◆ Dataset entries ◆
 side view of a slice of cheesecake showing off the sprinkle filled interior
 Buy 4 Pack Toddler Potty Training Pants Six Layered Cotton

* * *

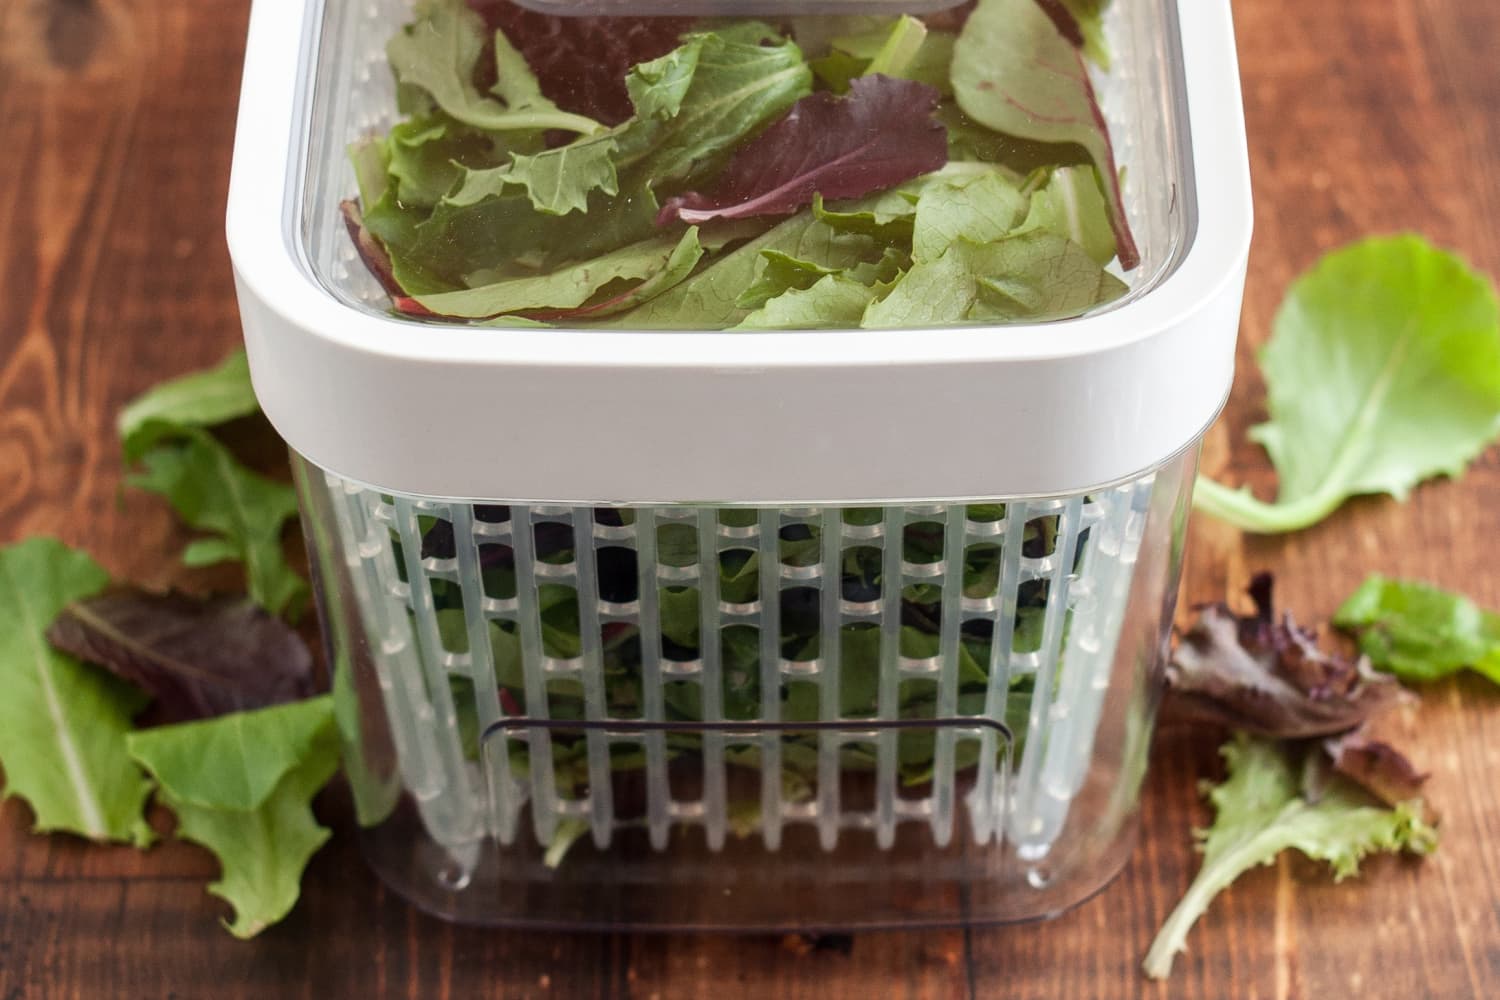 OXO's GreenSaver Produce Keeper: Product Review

◆ Exercise instructions ◆
From the listing above, output exactly the run of lines that starts with the line containing "side view of" and ends with the line containing "Buy 4 Pack Toddler".

◆ Answer to this problem ◆
 side view of a slice of cheesecake showing off the sprinkle filled interior
 Buy 4 Pack Toddler Potty Training Pants Six Layered Cotton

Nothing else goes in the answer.